CUDA does runtime compilation by driver, then what is cubin ?

I heard that CUDA does runtime compilation by driver, then what is cubin ?
If the driver simply downloads the cubin binary at runtime, then isn’t it just dynamically loading binary ?

The CUDA driver can either load a binary image compiled offline for a particular GPU architecture version, or it can compile a text-based portable assembly language called PTX at runtime. PTX is mostly useful for forward compatibility (for GPUs with new architectures that did not exist at the time the code was compiled) and for on-the-fly code generation. Fat binaries that include multiple, offline compiled, binary images for various architecture versions plus PTX for forward compatibility are supported and encouraged. See the CUDA documentation for details.

Thanks. So indeed, that fat binary is indeed very fat.

I didn’t know that it also included PTX info.

So only time that cubin image gets dynamically compiled is when the GPU is newer version ? (since the binary will be very old, so it looks at the PTX?)

Also, assuming the machine version and binary match, then by looking at the cubin binary, we can know the actual machine instructions ?

Thanks

No - the driver looks at the available binaries and if none matches, uses the PTX code. The date of compilation is not involved in the decision.

Yes. Just run [font=“Courier New”]cuobjdump -sass[/font] on it.
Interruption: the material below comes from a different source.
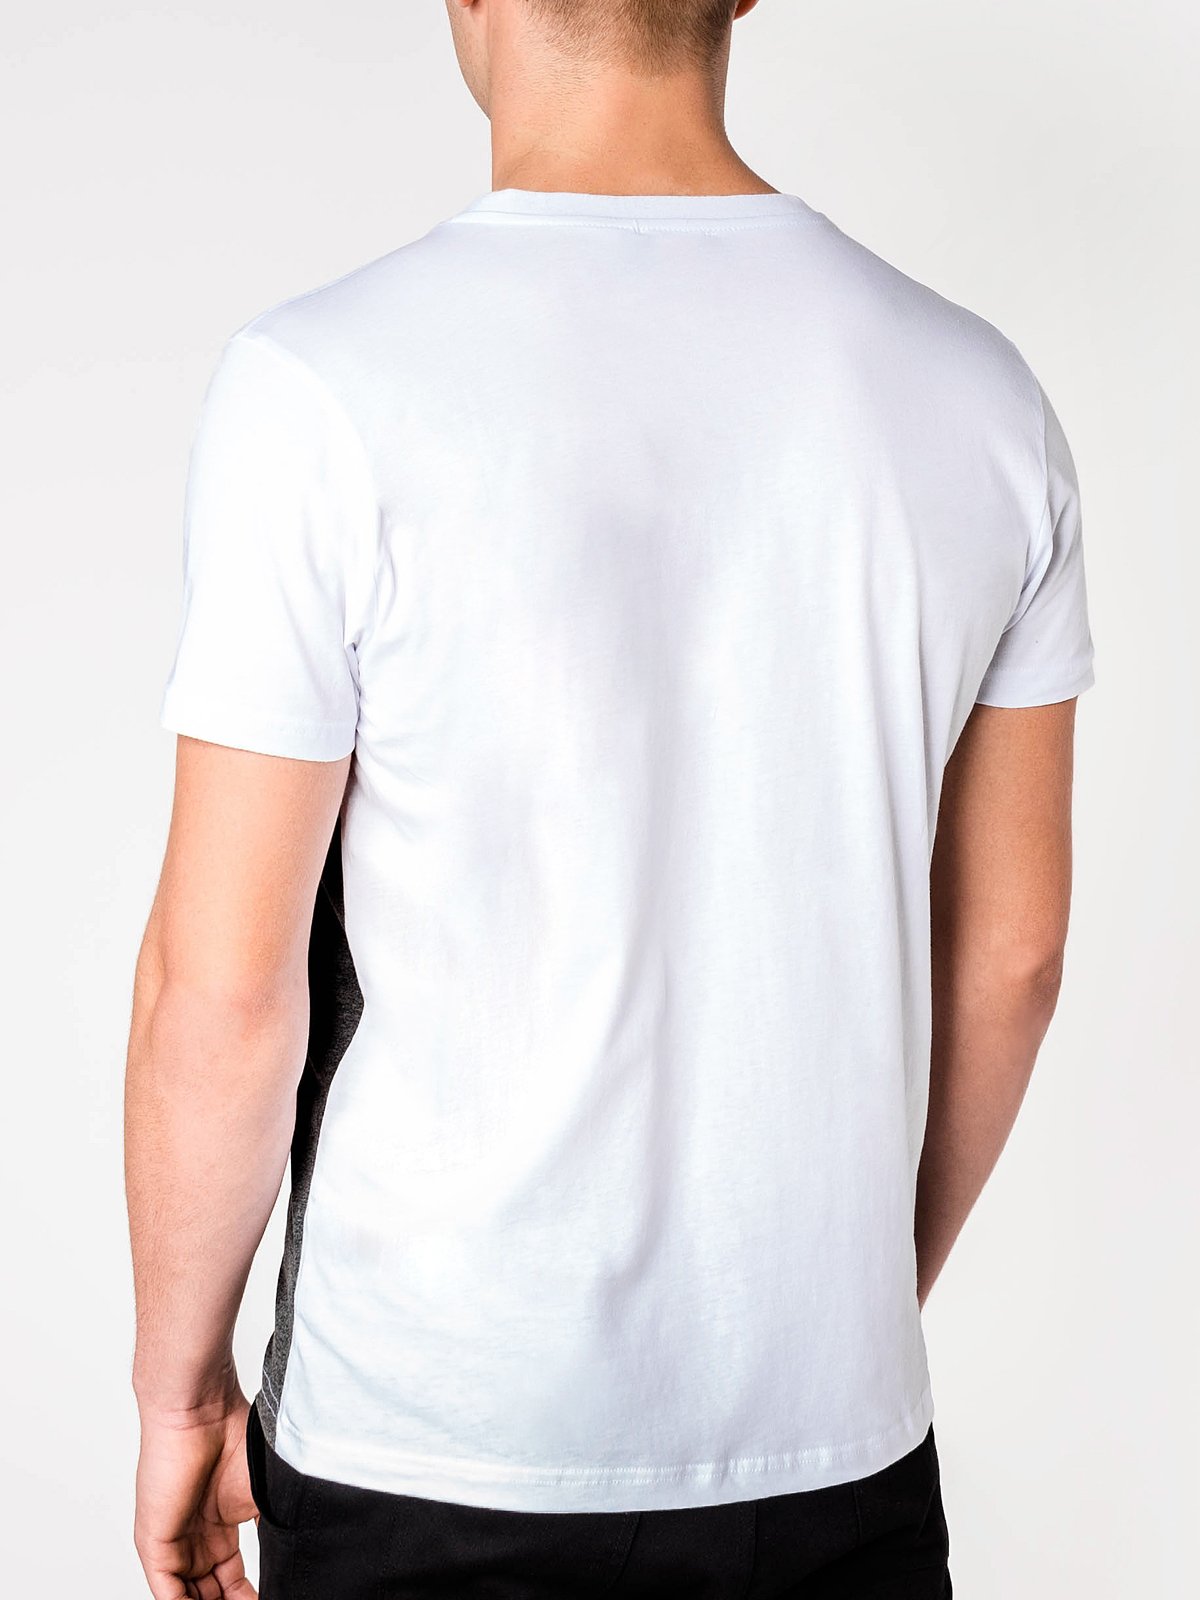 Men's plain t-shirt S844 - orange/dark grey | MODONE wholesale ...

How fat the fat binaries get depends on what the programmer specifies when they compile the code. One can specify as many different versions of binary machine code and PTX as desired. Since PTX is a text-based and not a binary format it tends to add significant volume to a fat binary, so to keep the size under control it usually is advisable to include only a single PTX version (the most recent version, for forward compatibility). So for a double precision application one might want to include SASS for compute capabilities 1.3, 2.0, and 3.0, plus PTX for compute capability 3.0.
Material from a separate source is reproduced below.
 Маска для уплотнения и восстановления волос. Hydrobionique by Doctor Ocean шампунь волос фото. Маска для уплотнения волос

When loading a fat binary, the CUDA driver first looks for a pre-compiled binary that fits the architecture of the given GPU registered with the current context. If I cannot find that, it looks for PTX code it can JIT compile for that architecture. If that fails, it returns an error. My memory is hazy, but I believe there is an option to always force JITing from the PTX. Again, for questions like these the documentation is your friend.